Под нами играет музыка, народ веселится во всю, и только какая-то баба истерично орёт и орёт. Должно быть та шмара, которой я разнёс хобот. На улице дерутся. И никто не слышит криков с чердака. Сегодня и впрямь мой счастливый вечер. Может отрезать спящему у входа пьянчужке кусок жопы с клевером, чтобы носить на удачу?
Кажется, мой клиент слишком долго пробыл с маленьким хозяином. Пара царапин, а он уже свернулся клубочком и скулит. Э, нет, этого недостаточно! Ты похитил больного мальчика, выбросил его симпатичного медведя в мусорник, и теперь тебе больно, плохо и страшно и тебя пора пожалеть? Нет, дружок, я ещё не закончил. Жалеть будем потом.
Работа в суде не прошла даром. Когда мелкие шкеты показывают на тебе всякое, они не просто обозначают место. Дети слишком талантливы для примитивной работы. Они передают давление, манеру, хватку. В какой-то момент я понял, что тоже хочу попробовать, иначе новые знания разорвут меня. Не обязательно на ребёнке. Революционер-киднеппер тоже подойдет. Сейчас кукла покажет дяде, где её трогали. О, да!

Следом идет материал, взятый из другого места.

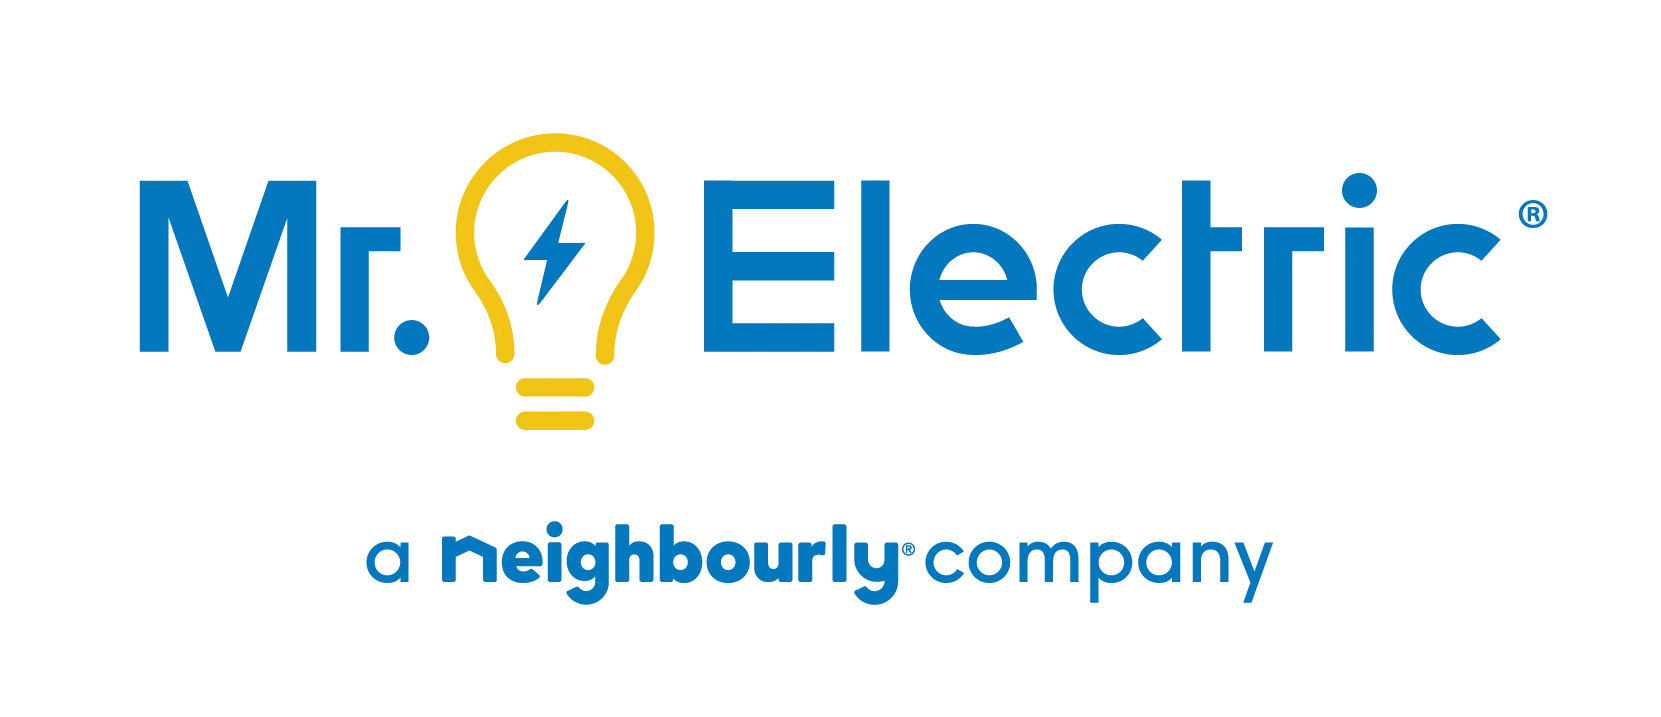 mr electric logo

Вот теперь нас услышали. Музыка внизу замолкает. Но чёрта с два они сунутся сюда. Разум из глаз говнюка вытекает быстрее, чем кровь из ран, поэтому я тороплюсь. Нож впивается в трухлявые доски пола и оставляет похожую на виселицу букву «г». За ней «д», острая как осиновый кол. Похожая на вилку «е». Мои лапы плохо приспособлены для каллиграфии, поэтому вместо знака вопроса я киваю головой. Всё было бы проще, если бы я мог говорить, но плюшевым мишкам рот ни к чему.

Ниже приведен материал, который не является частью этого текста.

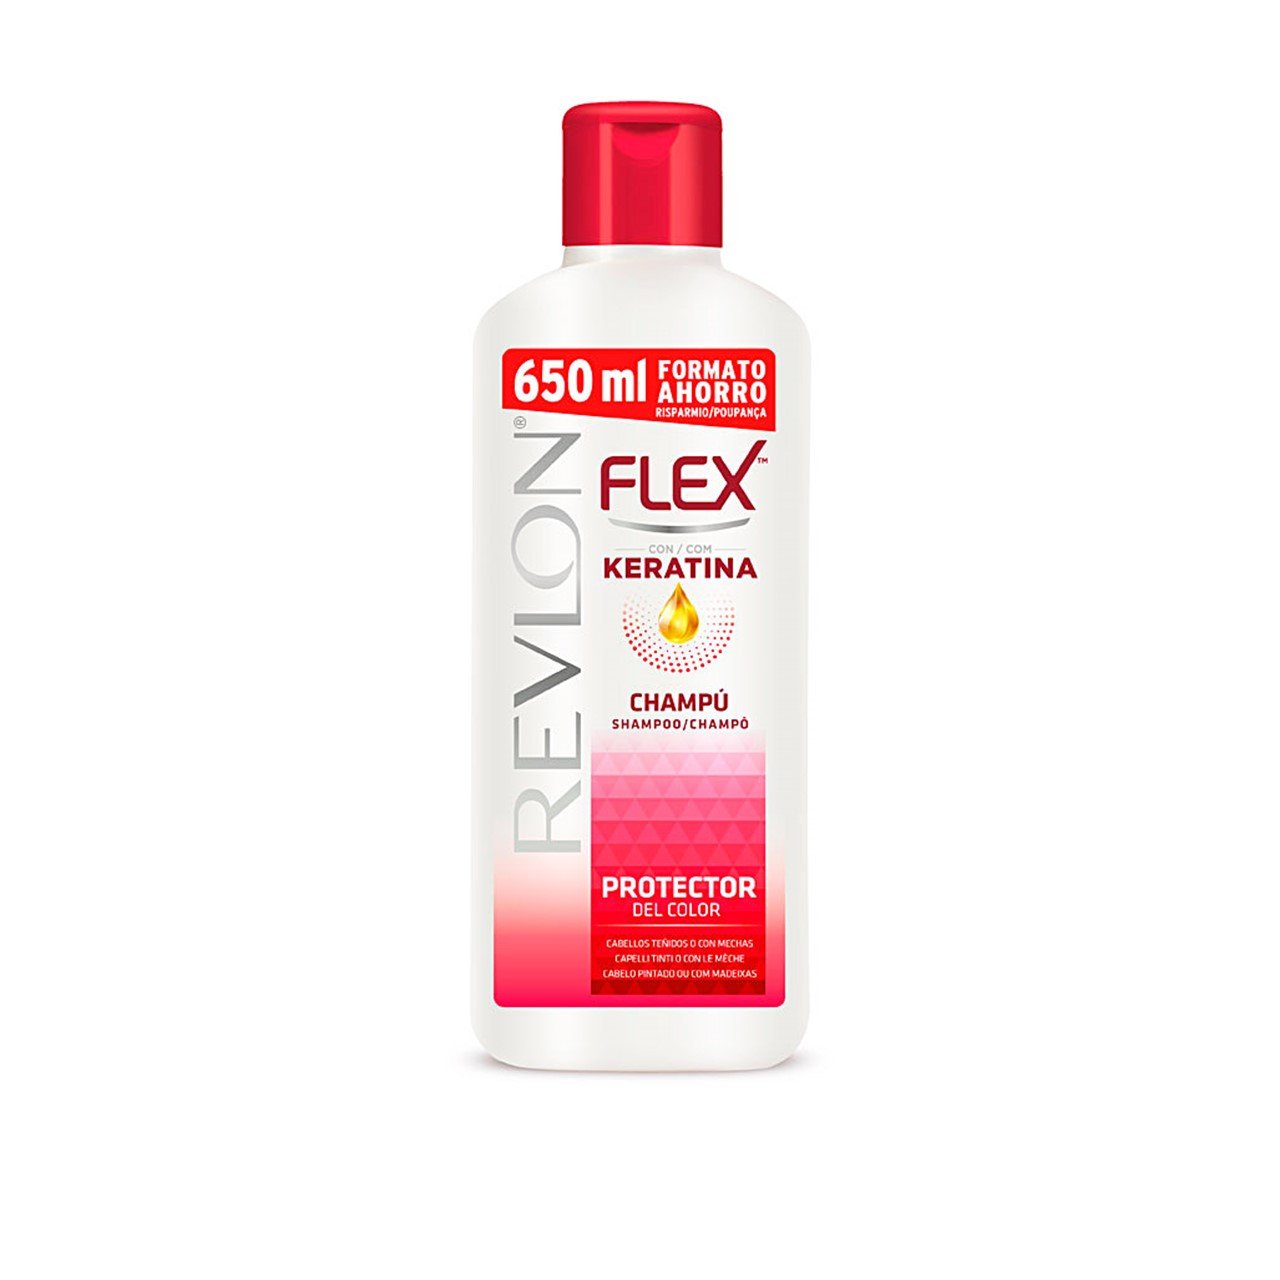 Revlon Flex Keratin Color Protection Shampoo 650ml (21.98fl oz)

Когда-нибудь я познакомлюсь с дизайнером, придумавшим моё тело. Я приготовил для встречи несколько замечаний. И нож.
Парень понимает меня, врубается, кого может искать такое чудовище. Подобное к подобному, ты прав, мой обмочившийся дружок. Так я наконец-то узнаю адрес, куда бандиты отвезли маленького хозяина целую вечность назад. Можно попытаться разузнать какие-нибудь подробности, но зачем? Мальчик наверняка там, похитители либо мертвы, либо близки к этому. Болезнь хозяина прогрессирует, от него можно ждать чего угодно. Я готов.
Внизу подозрительно тихо; на улице воет сирена. Неужели алкашня ещё помнит, как пользоваться телефоном? Значит, пора валить. Оставляю хнычущего мужчину и топаю к окну. Вылезаю, цепляюсь за трубу и вниз. Уже почти утро, скоро я ослабею и пора баиньки. Так что лучше бы сейчас никого не встретить. Спускаюсь. Чисто! В самом деле счастливый день. Хоть бы ещё копы не стали искать игрушку-хулигана, а сразу отправили свидетелей к наркологу.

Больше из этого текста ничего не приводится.